Правда, трудно сказать, всегда ли так было. На памяти ныне живущих людей это было так. Однако люди, которые помнят Корею 50-х гг., говорят, что в стране достаточно распространенным было воровство, и даже легкая насильственная преступность. Но это всё тогда всё равно воспринималось как временное, как результат хаоса, военного лихолетья.
Специфика Северной Кореи заключается еще и в том, что ты совсем уж плотно встроен в свою группу и убежать из нее фактически не можешь. По стране до 1990-х гг. практически не было свободы перемещения: даже для кратковременной поездки за пределы своей провинции нужно было получать разрешение от властей. В последние лет 20 можно при желании скрыться от ока властей, но это все-таки очень сложно. То есть ты никуда не денешься, ты никуда не уедешь, ты не скроешься на Гавайи или на Багамы, ты всегда будешь здесь. Если ты сейчас людей сильно подведешь, то, в общем, нехорошо тебе будет.
Узкие коллективы (в первую очередь семейные, но не только) — они же замкнутые, и там очень плотная связь: люди друг за другом смотрят, люди друг другу в общем доверяют, но есть также жесткие санкции против нарушителя. А сменить группу, уйти в другую группу довольно сложно.
И можно сказать, что высокий уровень доверия восходит (это моя любимая тема) к крестьянской общине, к рисовой культуре, к деревне, которая должна была быть коллективной, где все должны были работать вместе, где все вместе выживали или все вместе умирали от голода. Индивидуальное хозяйство не жизнеспособно было в регионе до сравнительно недавнего времени. Минимальной хозяйственной единицей была деревня, потому что рисовое поле — это гидротехническое сооружение, его в одиночку не построишь и эксплуатировать его нужно совместно. И, соответственно, отсюда привычка к коллективному труду, высокая дисциплина, запредельный конформизм, высокий уровень взаимного доверия и солидарности.
Бизнес по-северокорейски
Вообще подробное изучение северокорейского бизнеса — это небольшая академическая индустрия, в основном в Южной Корее, отчасти — в Японии, сейчас этой темой занимаются очень многие.

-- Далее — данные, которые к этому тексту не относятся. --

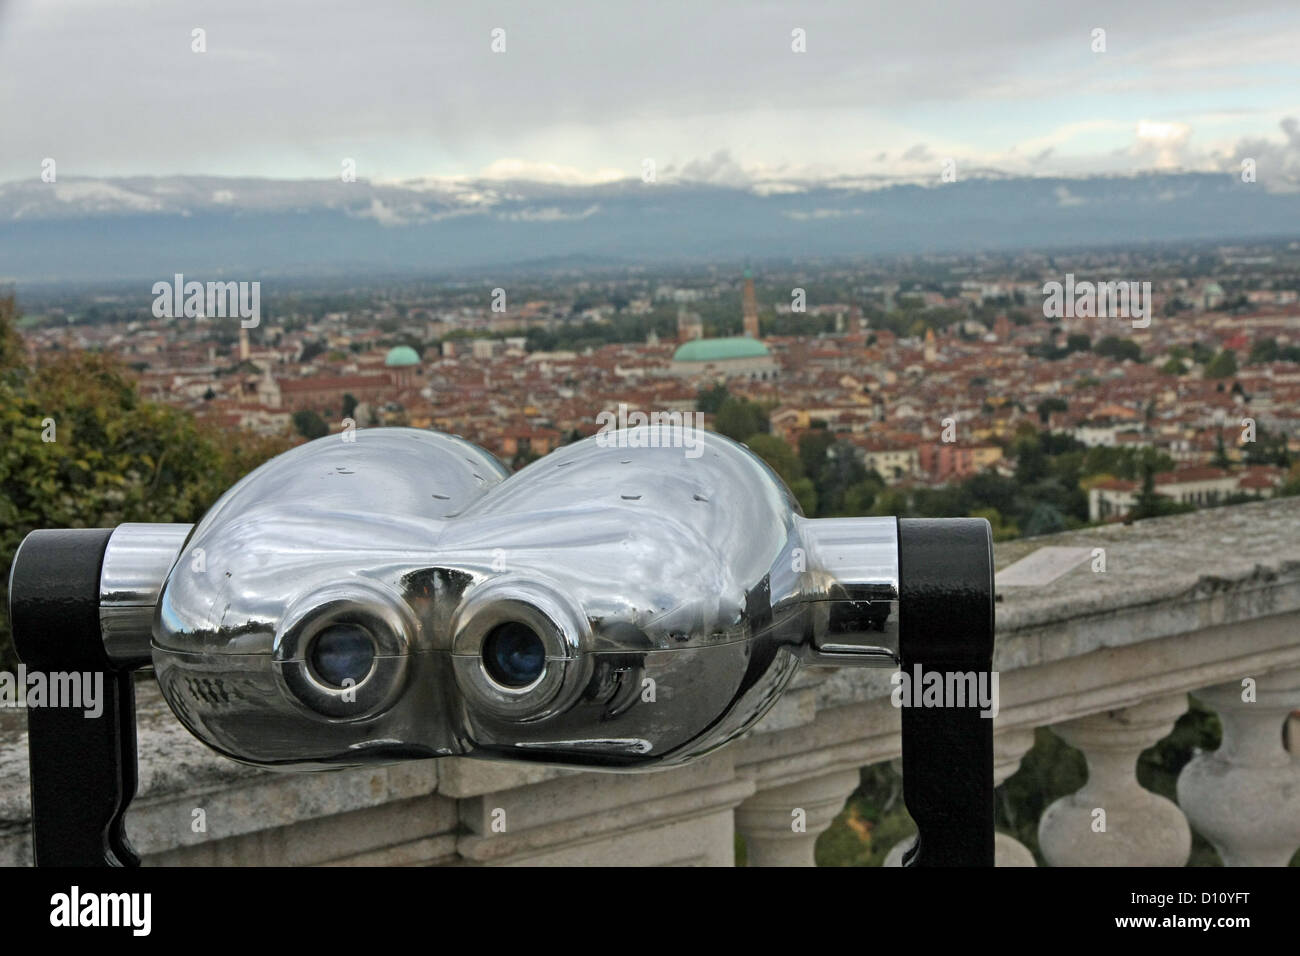 glistening Binoculars to watch the landscape of the beautiful city of vicenza Stock Photo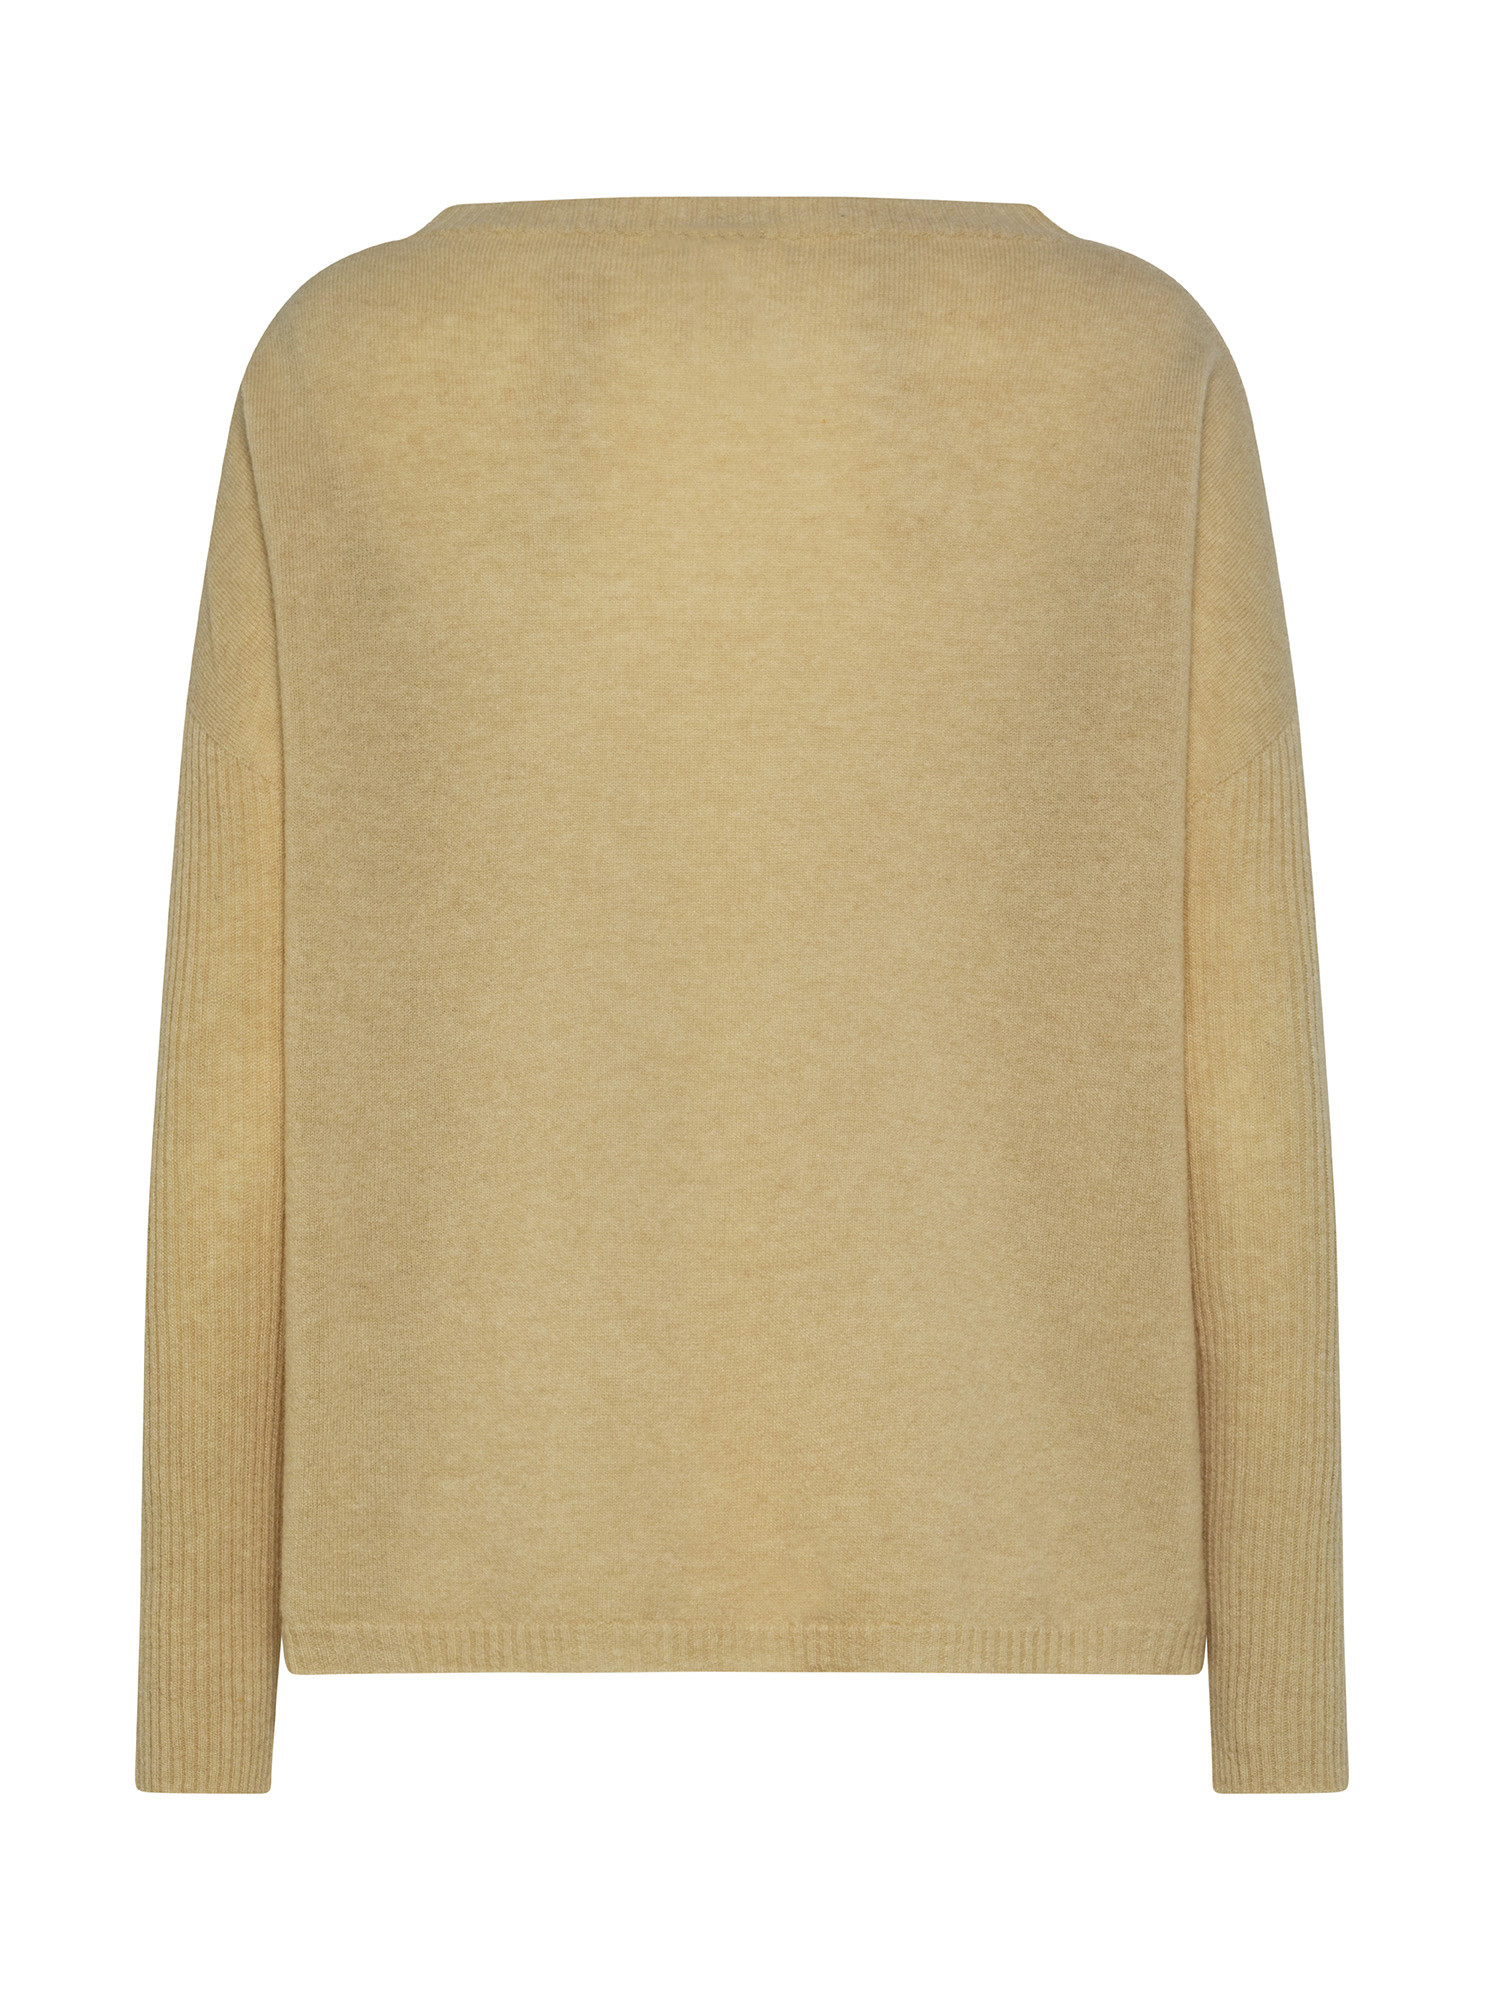 K Collection - Maglia girocollo, Beige, large image number 1

Откуда и как это всё началось — долгая история. Если ее описывать коротко, то можно сказать: в 1990-е годы в стране произошел паралич старой гиперцентрализованной, гиперсоветской экономики позднесталинского типа, который потом привел к тому, что появился сначала мелкий бизнес, который потихонечку стал развиваться, и в результате стал появляться бизнес довольно крупный. Началось всё с торговли, с маленьких свиноферм, с частных грузовиков, с частных рыболовных кораблей. Некоторые области были практически сразу приватизированы — например, практически вся рыбная промышленность приватизирована еще в начале 90-х. Приватизирована и значительная часть межгородских автомобильных и автобусных перевозок. Крупная и средняя промышленность — в основном государственная, хотя частные шахты тоже есть, и строительство, особенно строительство жилого фонда, тоже в большой степени частное. Но в целом средняя и крупная промышленность — государственная, а сфера обслуживания, мелкая и небольшая часть средней промышленности — они, в основном, в частных руках.
Проблема в том, что если ты делаешь что-то частным образом, ты должен всё равно притвориться «госником», притвориться госпредприятием. Допустим, у тетеньки (скорее всего, это будет именно тетенька) есть $10 тыс., и она решила организовать столовую. Она идет в горисполком (народный комитет), в управление общественного питания, там договаривается. Конечно, взятки она при этом заносит, но значительная часть тех денег, которые у нее возьмут, — вполне официальные платежи в госбюджет. Она приходит к чиновнику, говорит: «Хочу открыть столовую, помещение посмотрела пустующее. Дадите мне?» Ну, и конвертик ему. «Дадим, конечно! — говорит чиновник. — Ну, а сколько ты будешь платить? Нет, не мне, не чиновнику. [Она ему откатик уже дала небольшой.] Сколько ты нашему городу будешь платить-то? А то у нас совсем плохо с асфальтом». Чиновник — чаще всего, тоже тетенька — понимает, сколько примерно такая столовая в среднем будет давать дохода, и прикидывает, какую сумму хозяйка такой столовой должна платить, из расчёта, что 30–40 % должно идти городу. И чиновница говорит: «Ну, ты подымать тут будешь $900–1000 в месяц, пожалуйста, $400 в бюджет горисполкома». И вот эти $300–400 по бумагам проходят как прибыль государственного предприятия «Столовая № 28».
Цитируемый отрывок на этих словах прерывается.